Bet365, seen as the best gambling operator worldwide by many specialized iGaming magazines and constantly ranked in the top 5 bookmakers, declared in an email sent to Chinese consumers on March 19 that it would now concentrate on “core markets and regions that provide long-term sustainable revenue”.

The UK-based business was established in 2001 and has long held a shady position in China. Except for Macau and Hong Kong, two special administrative areas (SARs), gambling is absolutely forbidden in China’s mainland. Nevertheless, as UK sports betting became saturated, Bet365 apparently looked for unregulated markets, and a 2024 Financial Times piece referred to China as a “cash machine”. Although it contributed less than 20% of Bet365’s first income in the Asian nation, China was likely the company’s second-largest market after the UK.

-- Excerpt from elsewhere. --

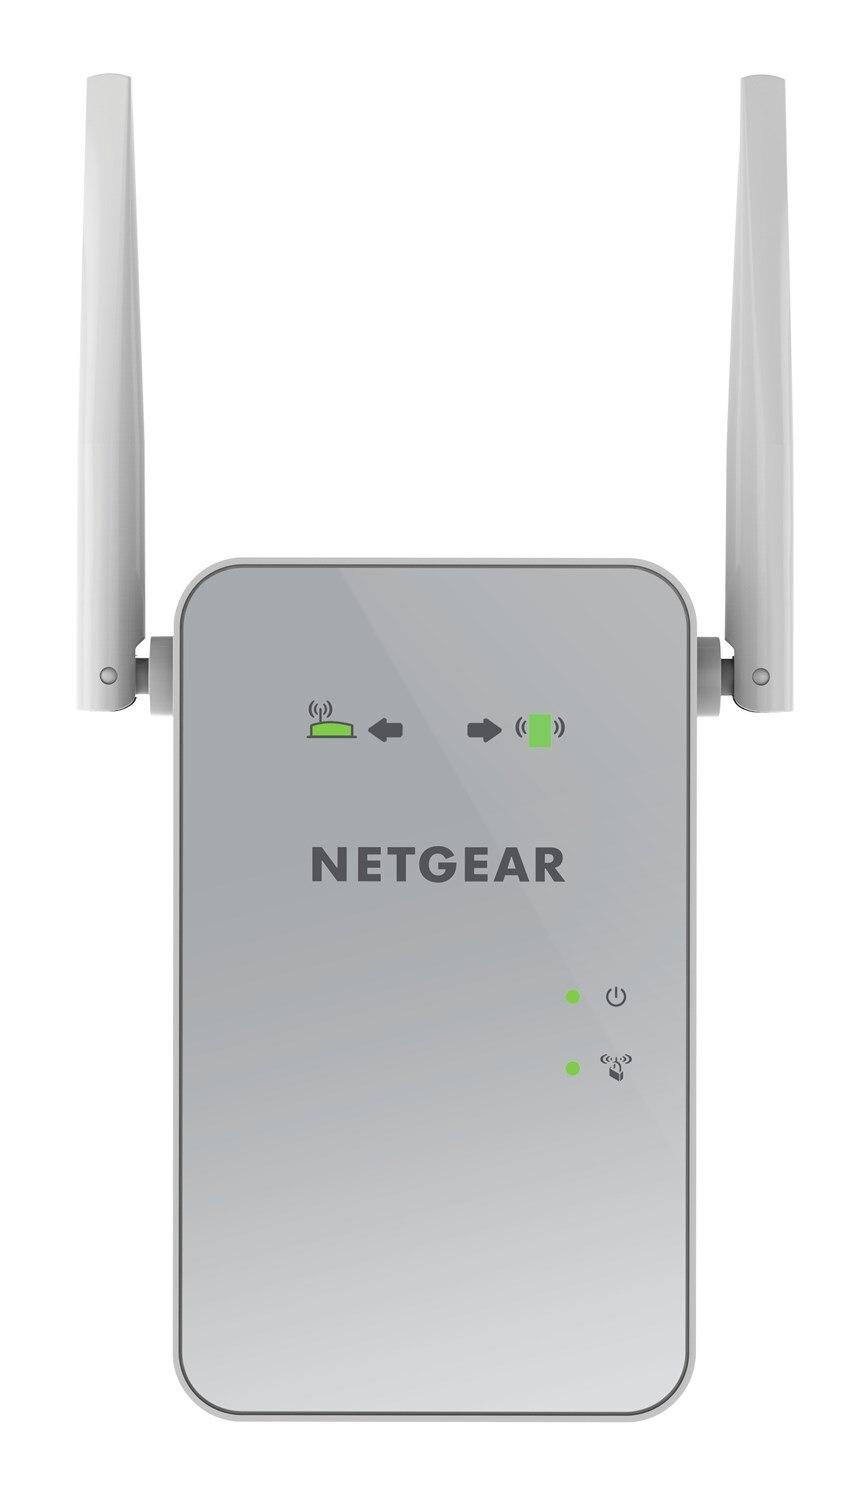 Netgear EX6150-100PES, 1000 Mbit/s, 10/100/1000Base-T (X),Netgear EX6150-100PES, 1000 Mbit/s, 10/100/1000Base-T (X),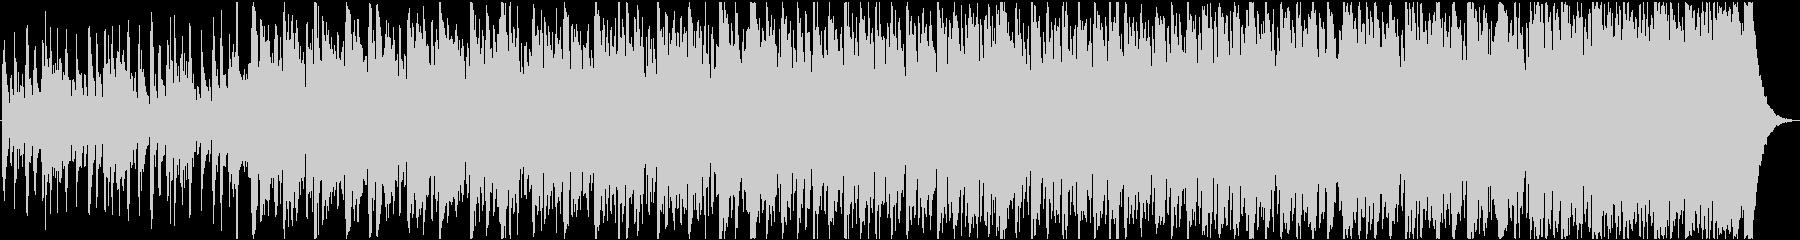 Cartoon music's unreproduced waveform

China Censors Thwarted with Use of “Mirror Sites”

According to a Business Insider report from 2022, Bet365 was a significant participant in China’s “shadowy world of online gambling”. To avoid being discovered by authorities, they and other well-known operators employed dozens of mirror sites run by subsidiaries. New websites appeared to take their place as soon as monitors discovered and blocked the old ones.

However, Bet365 has consistently denied violating Chinese law or endangering Chinese customers, who risk penalties and imprisonment for engaging in unlawful gambling. Representatives of the company kept stating that no law specifically forbids offshore operators from providing remote gaming services in China. According to Bet365 and its attorneys, offshore gaming providers are allowed to offer their services in China under Chinese law.